Weliswaar kan bij een beheersverordening ook feitelijk bestaand gebruik, dat in strijd was met het voorheen geldende planologische regime, worden toegestaan, maar dat laat onverlet dat aan de vaststelling van een beheersverordening een deugdelijke planologische afweging ten grondslag dient te liggen. Dat geldt te meer voor zover met een beheersverordening illegaal bestaand gebruik, dan wel planologisch niet volledig gereguleerd gebruik, wordt toegestaan (vergelijk de uitspraak van de Afdeling van 27 december 2017, ECLI:NL:RVS:2017:3569, onder 4.2).

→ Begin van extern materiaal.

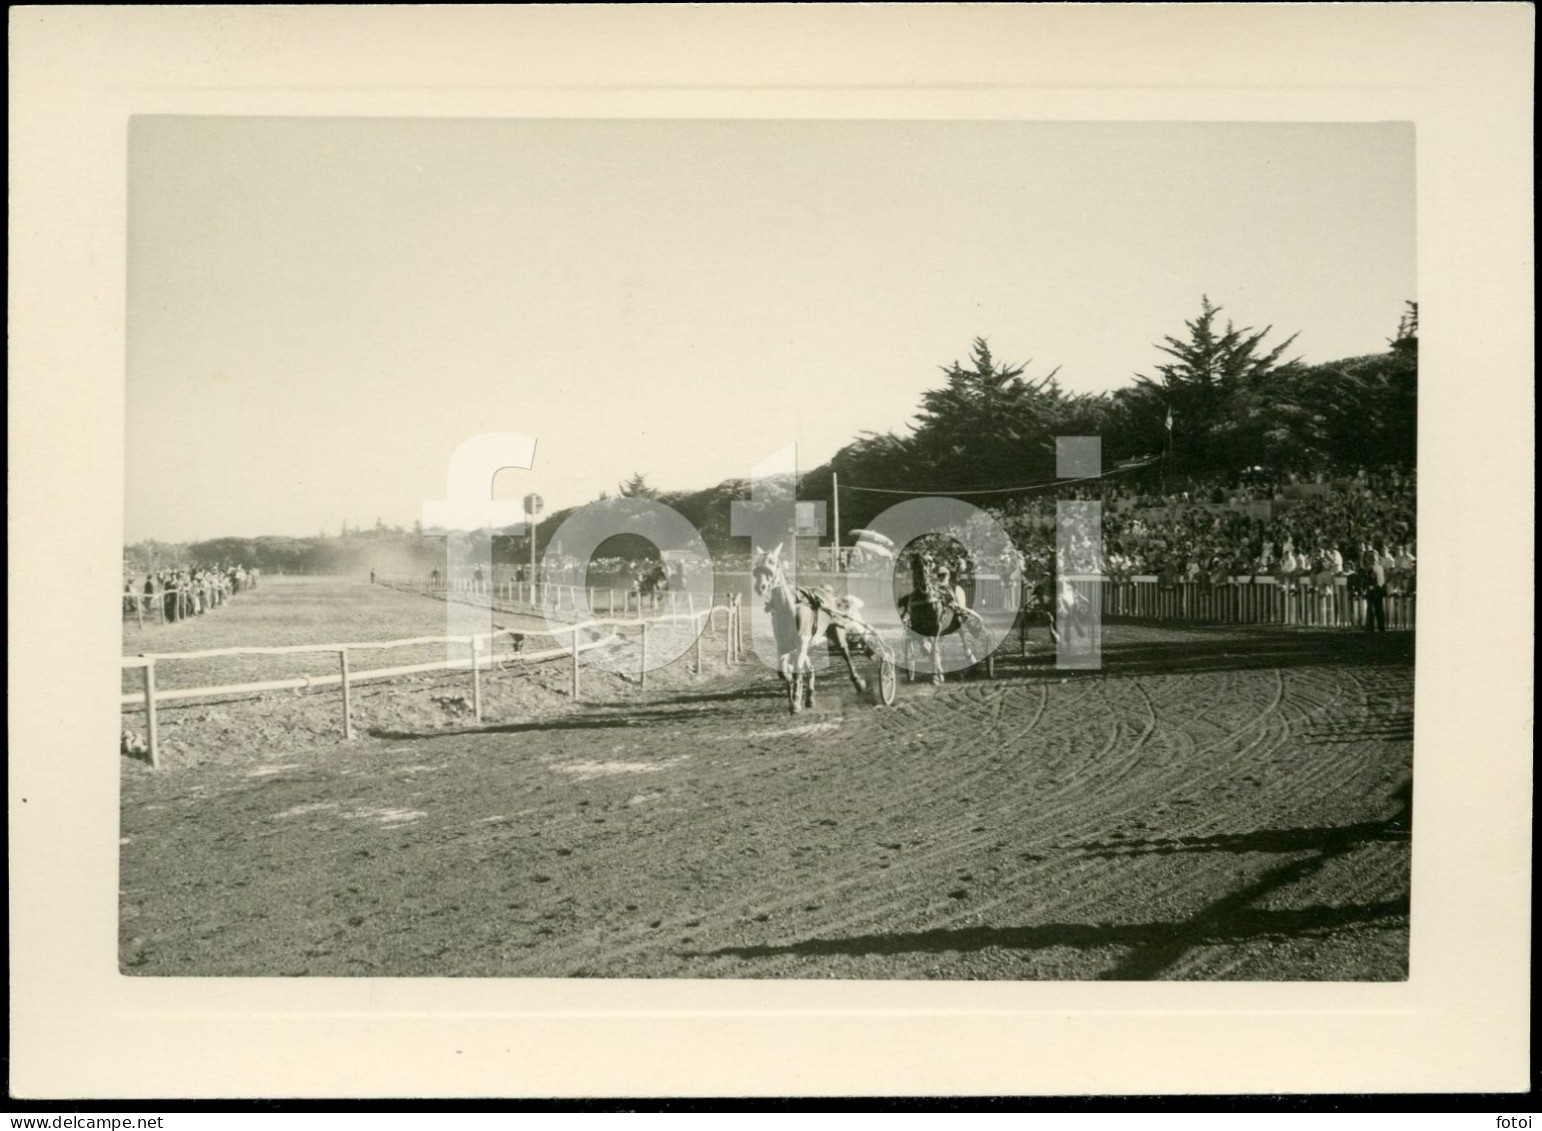 3 PHOTOS SET1955 REAL AMATEUR PHOTO FOTO CORRIDA CAVALOS COURSE CHEVAUX CHEVAL HORSE RACE HORSES CASCAIS PORTUGAL AT105
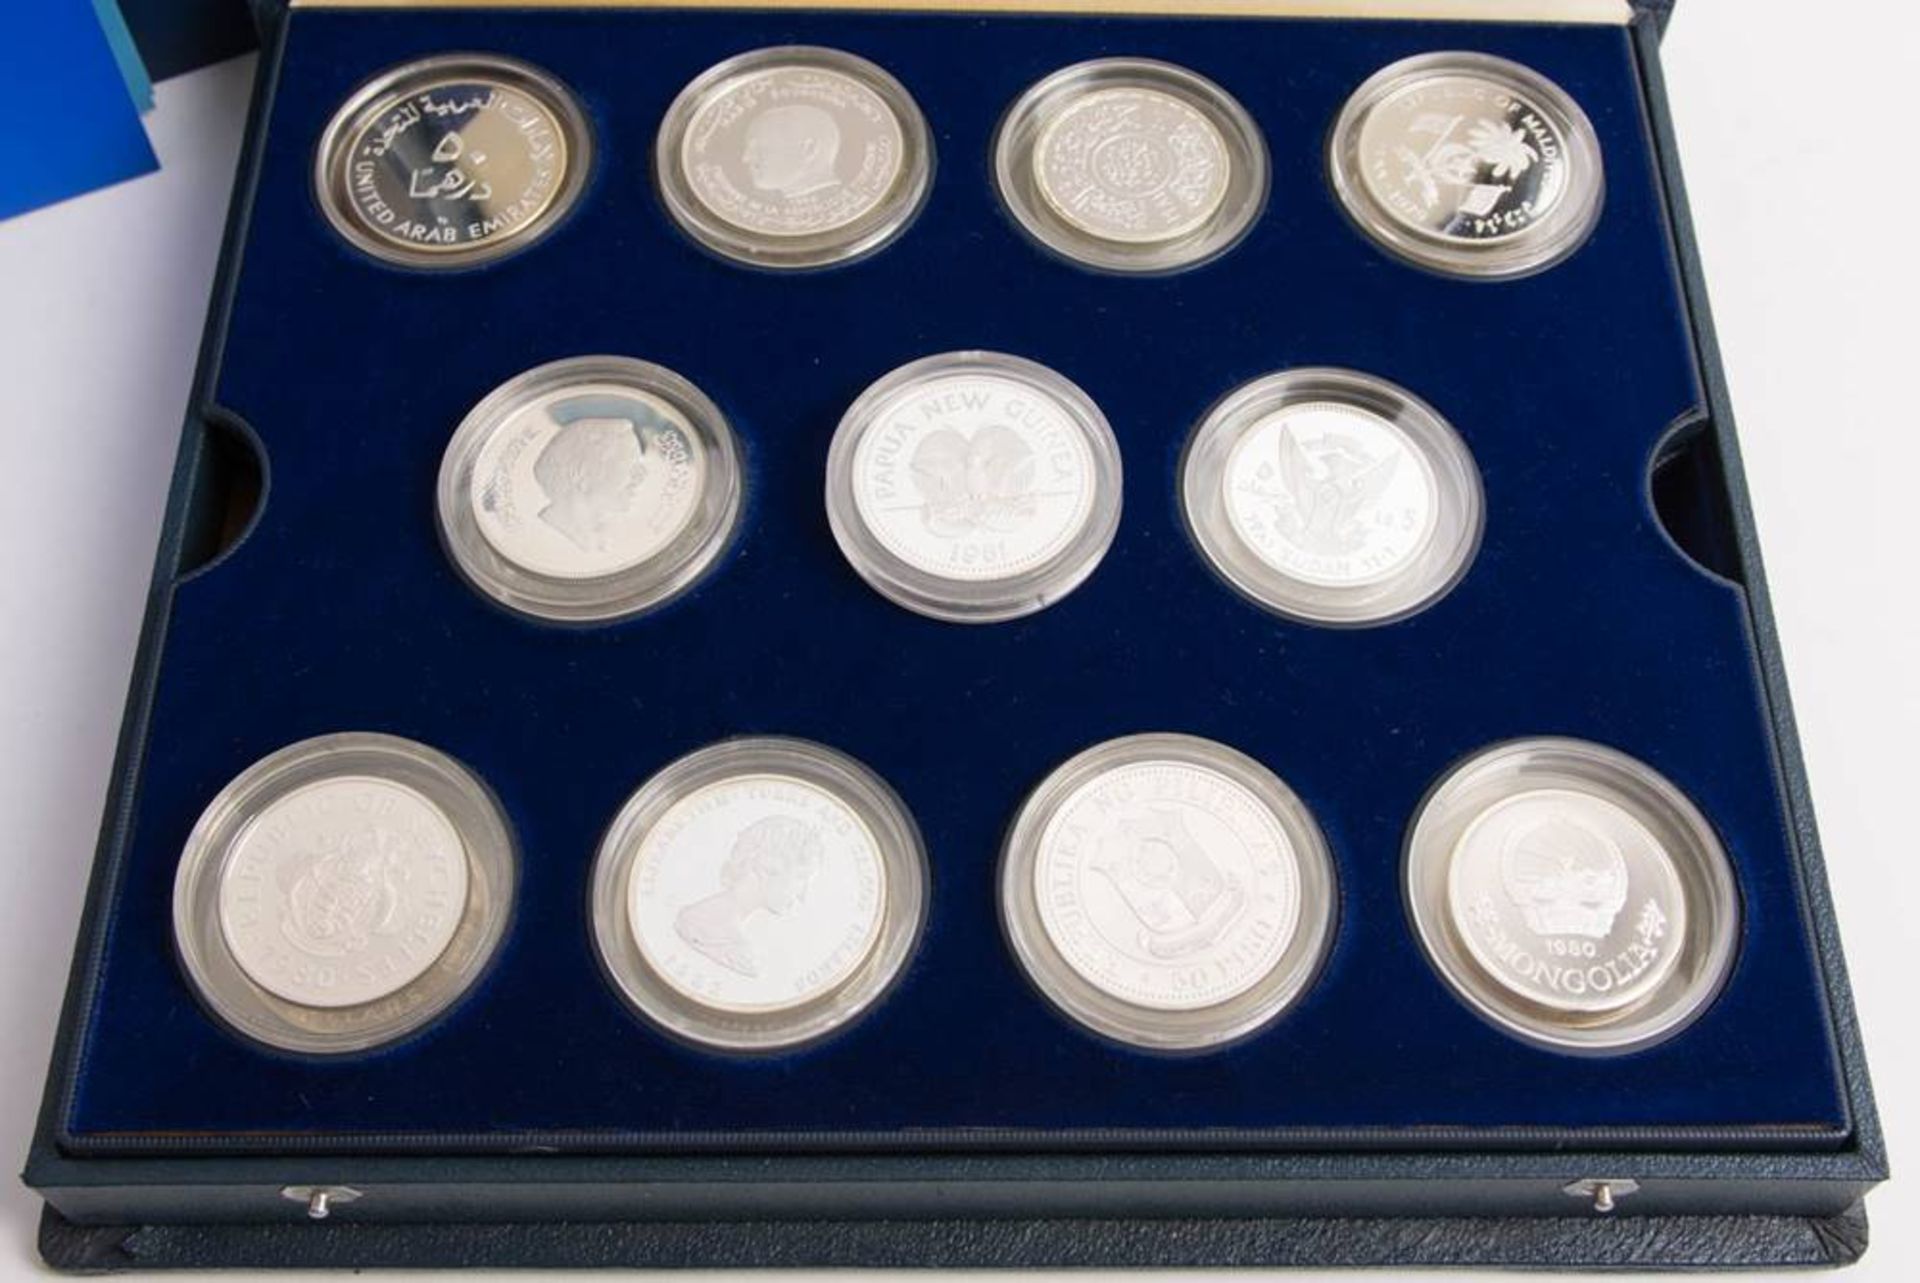 Sammlung Silbermünzen "Jahr des Kindes" über 400g Feinsilber. - Bild 2 aus 3

Uit de beheersverordening noch uit de toelichting daarbij blijkt dat een dergelijke planologische afweging plaats heeft gevonden voor het alsnog legaliseren van het bestaande gebruik.
5.5.    Het voorgaande betekent dat de beheersverordening voor het perceel onverbindend is, voor zover die het scheiden en bewerken van mest door middel van een mestscheider en de opslag van mest buiten daarvoor vergunde bouwwerken toestaat. Het college stelt zich in zoverre dan ook ten onrechte op het standpunt dat de beheersverordening toestemming geeft voor het gebruik waarop het verzoek om handhaving ziet.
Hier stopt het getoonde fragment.